ArishMell · 70-79, M
@Lynb1960
Interesting take on it. I'd have thought they talk past the crucifix, to God - but the crucifix acts as a focal point.

I don't know the history very well, but perhaps the Old Testament strictures were devised by the Hebrew tribal elders to try to give followers the concept of a single God beyond man-made images, in a religion and social identity of their own separate from the Mediterranean and Middle Eastern, icon-rich, pantheons - and certainly separate from that of the Egyptians.

Yes, you could put Christian artefacts in a museum for appreciation simply as works of art and craft, but that would remove them from their context.

Mediaeval churches unified by the Vatican and using Latin liturgy were brightly painted and ornamented, and later more iconoclastic regimes sometimes removed or destroyed much of that art. That was based mainly on theology, but another strand came in with the Reformation and the development of Protestant and non-conformist sects.

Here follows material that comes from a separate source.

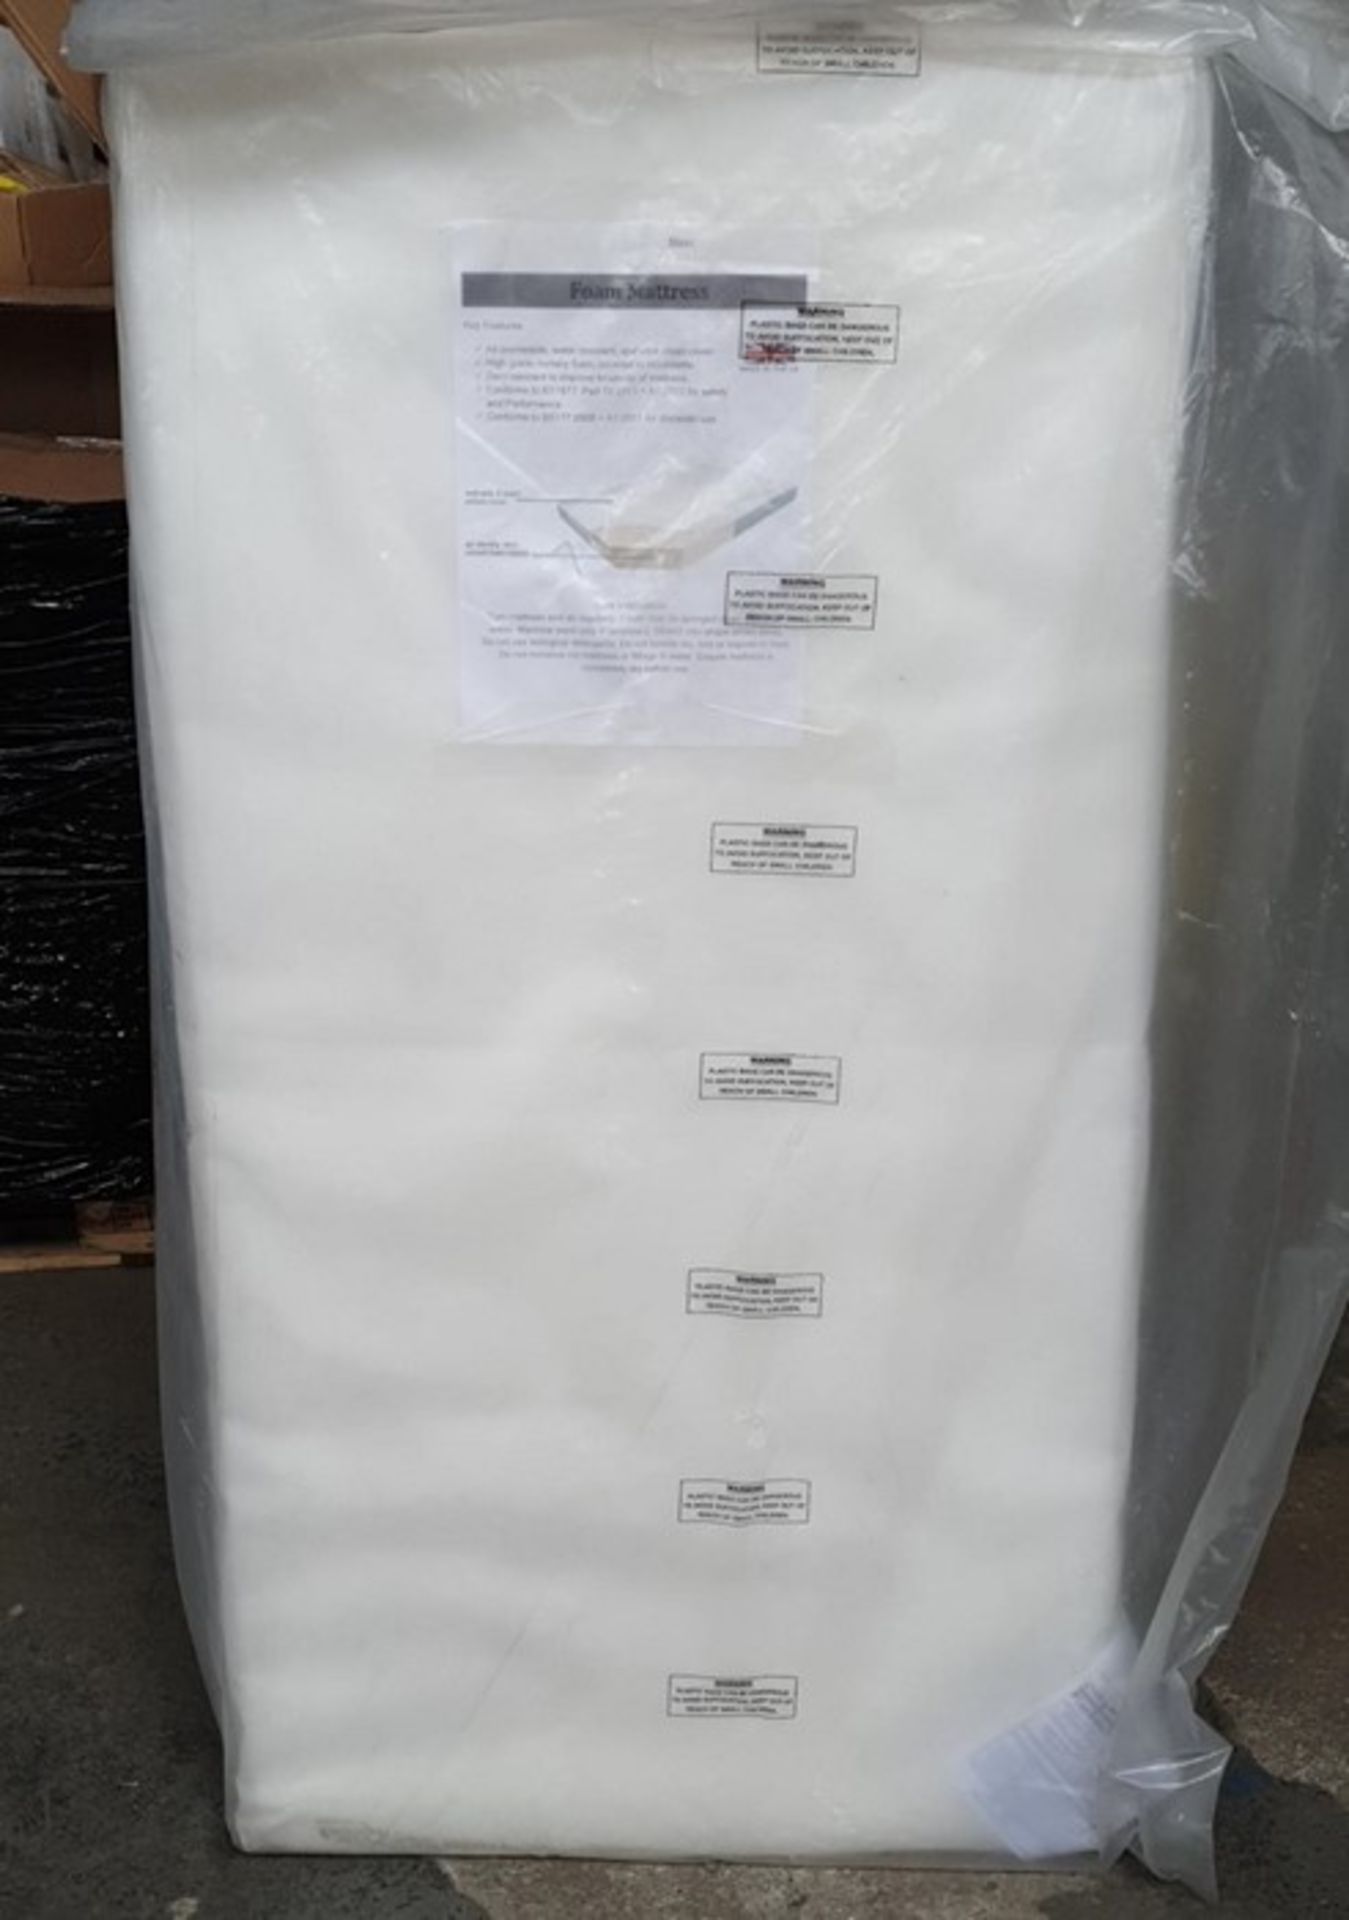 1 GRADE A BAGGED UNBRANDED FOAM COT MATTRESS - 120X60X7CM / RRP £40.00 (VIEWING HIGHLY RECOMMENDED)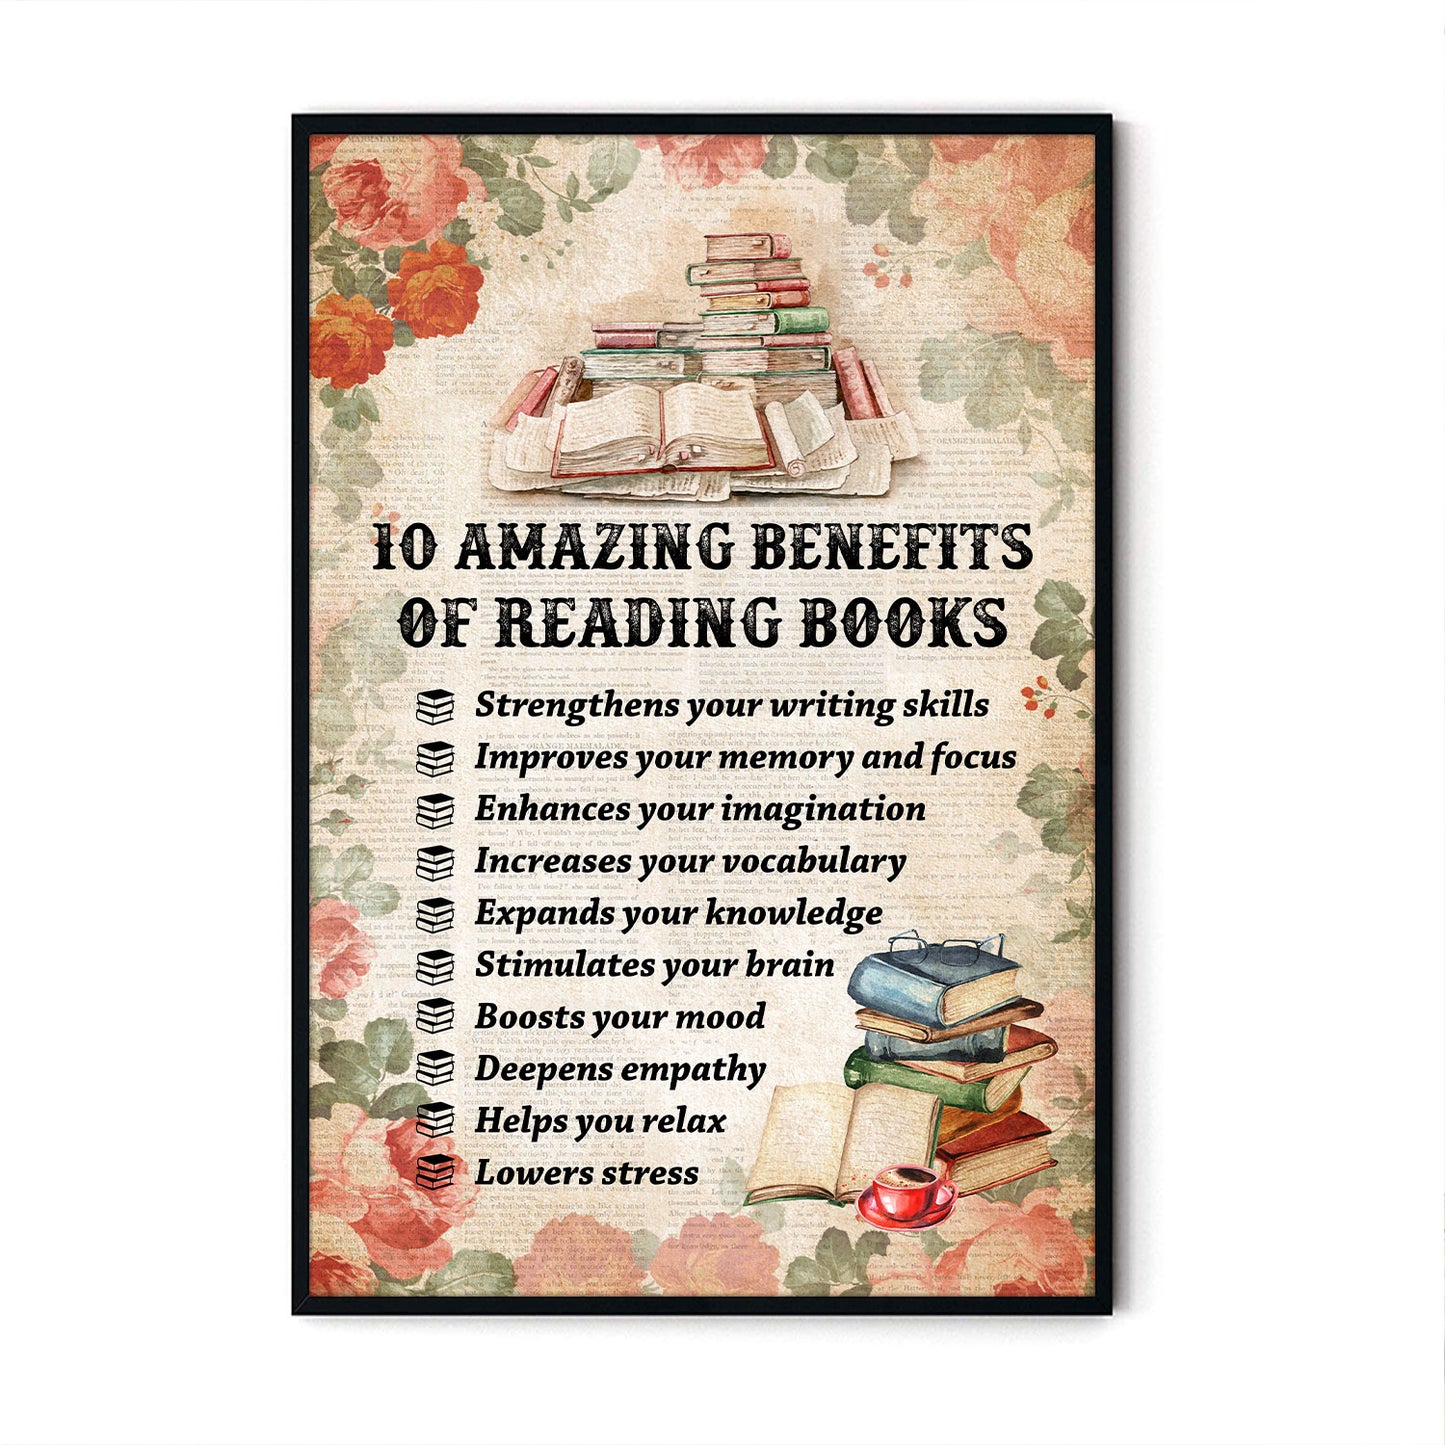 Book Benefits Of Reading Books - Personalizedwitch Poster For Bookworm

The latter particularly, don't use excessive ornaments or icons in their own places of worship, but was there a more secular motive? Was it much more a reaction to the Catholic Church of the time, with its ostentatious displays of wealth? Certainly Luther campaigned against such money-raising schemes as Indulgences; and Methodism especially attracted poorer communities as "theirs" not needing or wanting excessively-decorated chapels they could not afford, to worship God.